TLDR: “Curved Inference” is a new framework that analyzes how Large Language Models (LLMs) process information by tracking the geometric path of their internal “residual stream.” It measures how this path “bends” (curvature) and “moves” (salience) in response to semantic changes in prompts, such as emotional or moral shifts. The research found that concern-shifted prompts reliably alter these internal trajectories, with LLaMA showing stronger and more consistent responses than Gemma. This geometric approach offers insights into LLM decision-making, potential for real-time alignment monitoring, and understanding how models navigate meaning.
Large Language Models (LLMs) are incredibly powerful, but understanding how they make decisions remains a significant challenge. Traditional methods often look at isolated parts of the model. However, new research introduces a fascinating concept called “Curved Inference,” which offers a fresh perspective by examining the geometric path of information inside these models.
The paper, titled “Curved Inference: Concern-Sensitive Geometry in Large Language Model Residual Streams” by Rob Manson, proposes a framework to track how the internal “residual stream” of an LLM bends and shifts when the model encounters changes in semantic concern.
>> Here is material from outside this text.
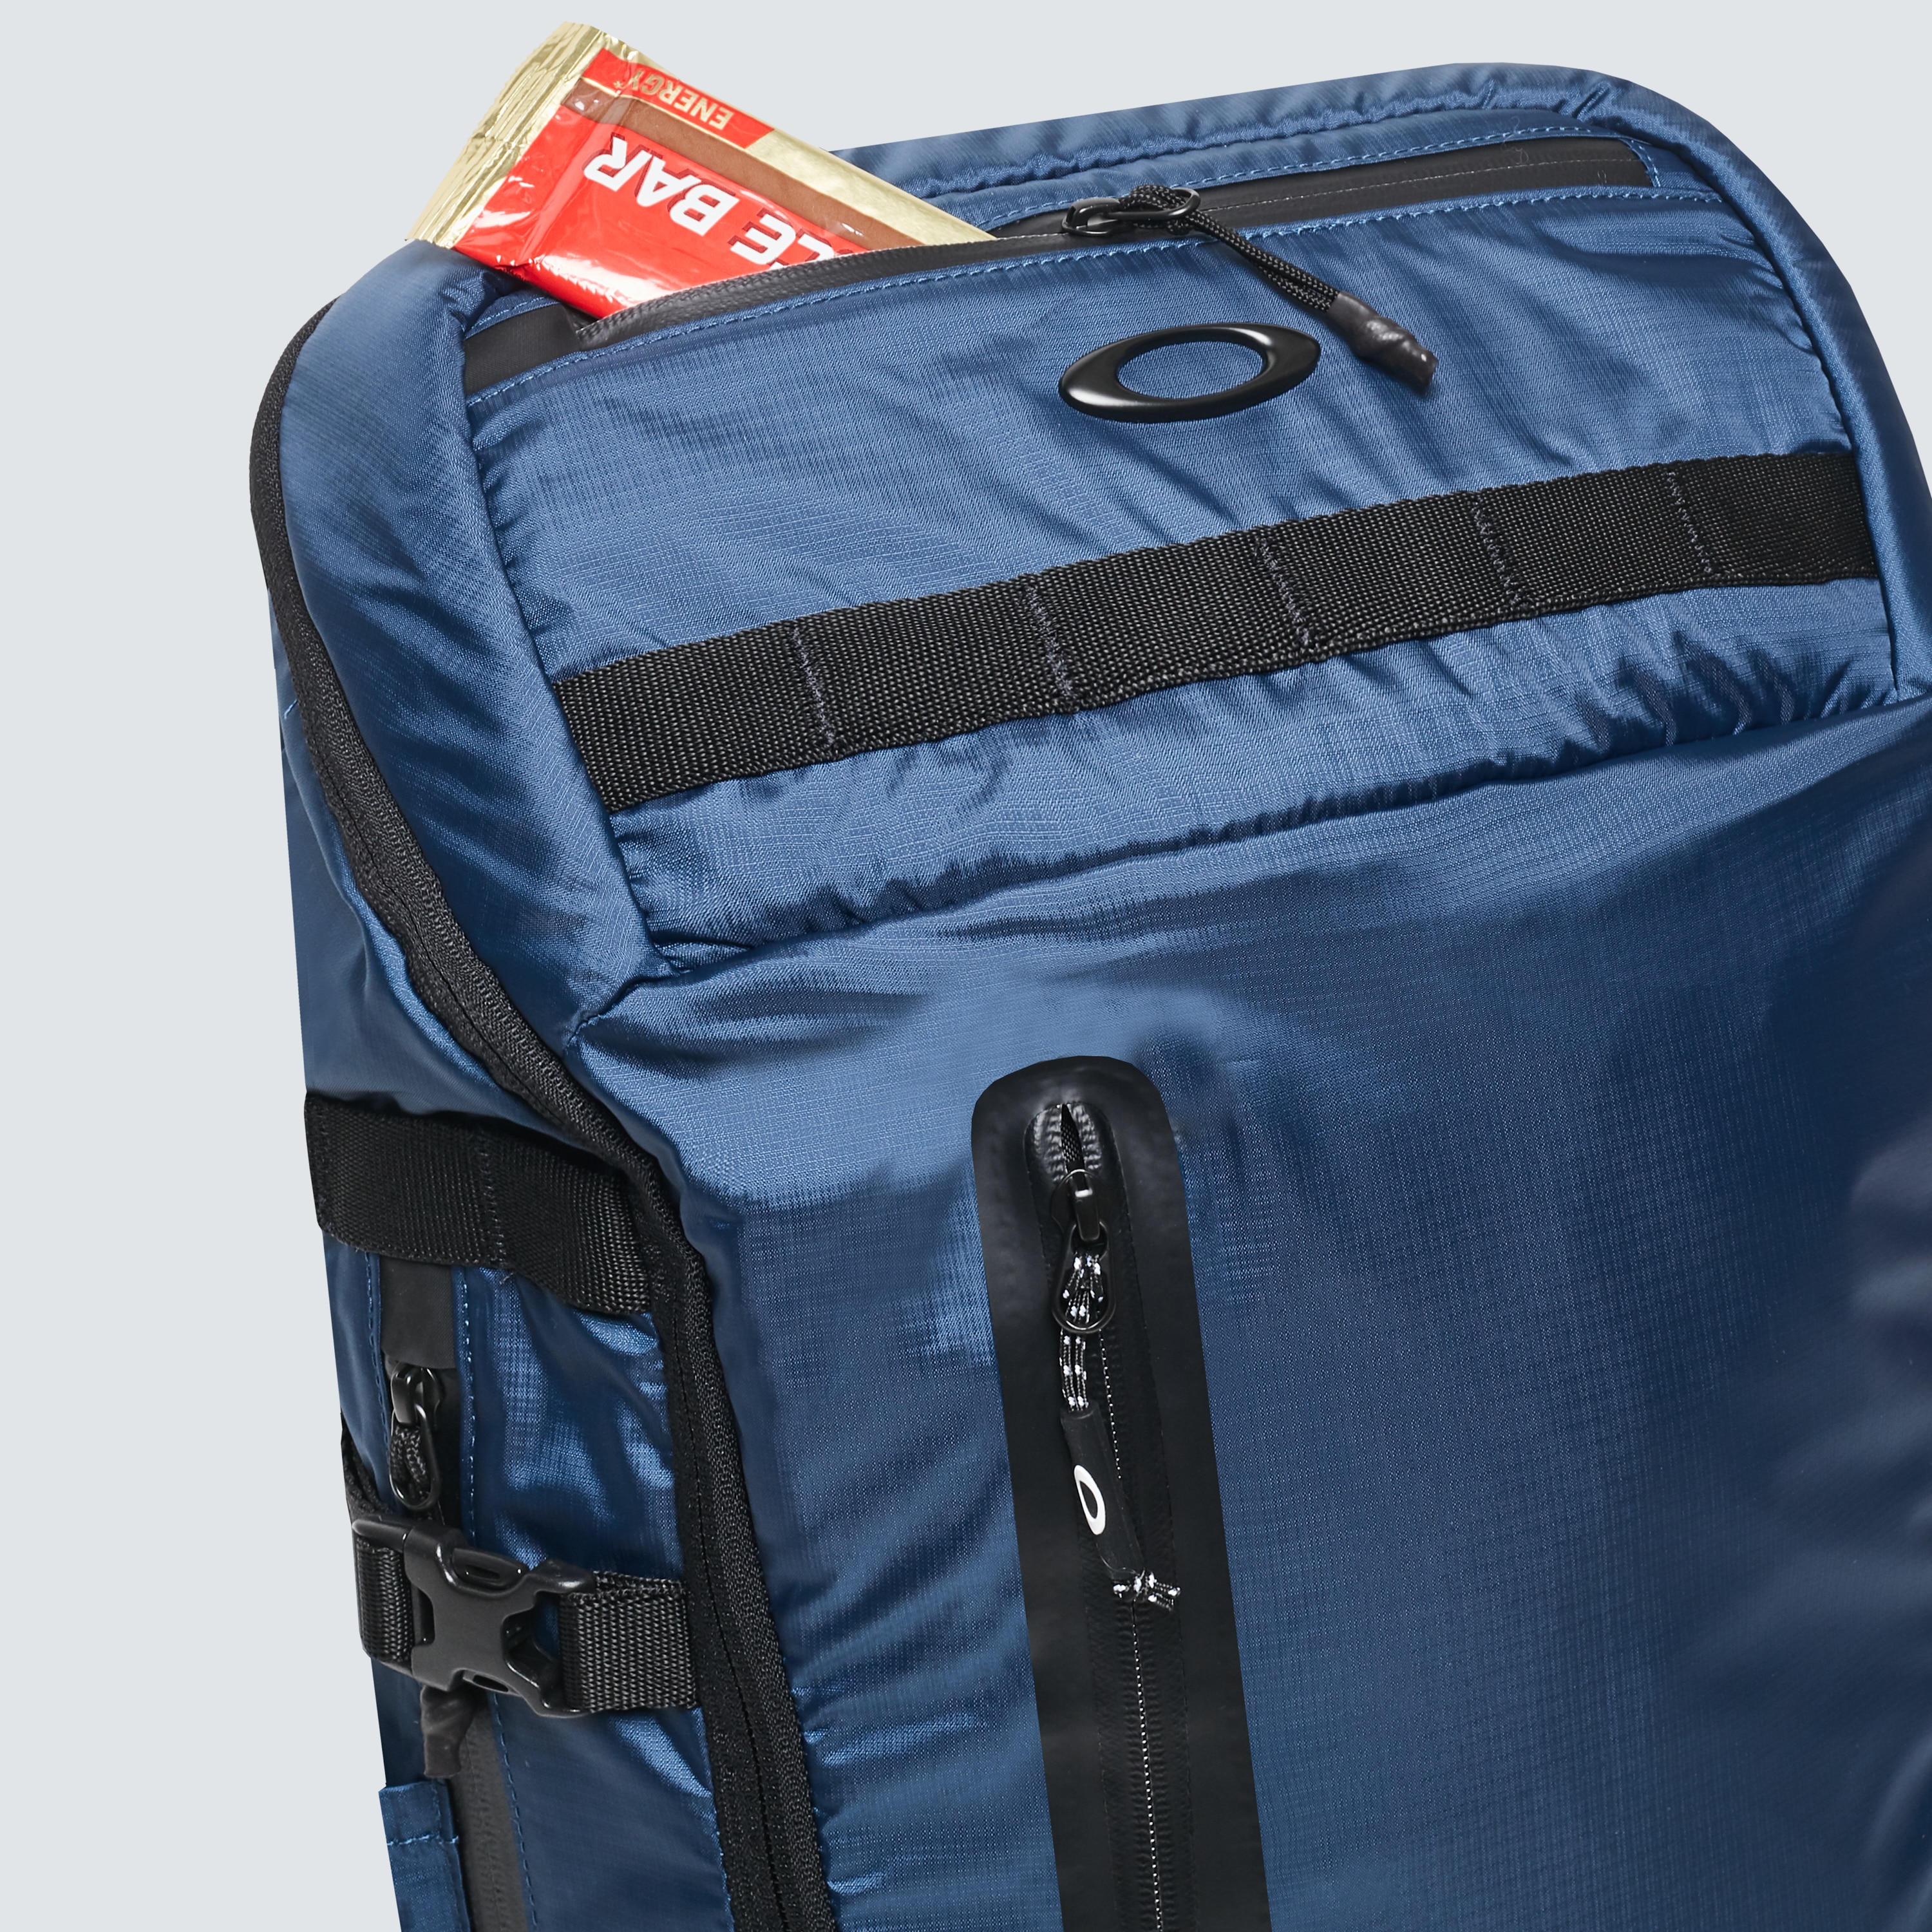 blue oakley backpack

Think of the residual stream as the model’s evolving internal thought process as it processes text, layer by layer.
The core idea is that when a prompt carries a heightened “concern” – whether it’s emotional tone, moral framing, or a logical shift – the model doesn’t just change its output; it actually bends its internal trajectory. This bending is a measurable deformation in the path of how token representations move through the model’s layers. The researchers focused on two key measurements: curvature (how sharply the path bends) and salience (how much the internal state moves between layers).
To make sure these measurements truly reflect meaningful changes, the team used a special “semantic metric” derived from the model’s unembedding matrix. This ensures that all measurements are aligned with how the model understands and predicts tokens, rather than just raw numerical coordinates.
The study analyzed two popular LLMs, Gemma3-1b and LLaMA3.2-3b, using 20 different prompt sets designed to shift semantic concern across various domains like emotional, moral, logical, and environmental topics. They compared how the models processed neutral prompts versus “concern-shifted” variants.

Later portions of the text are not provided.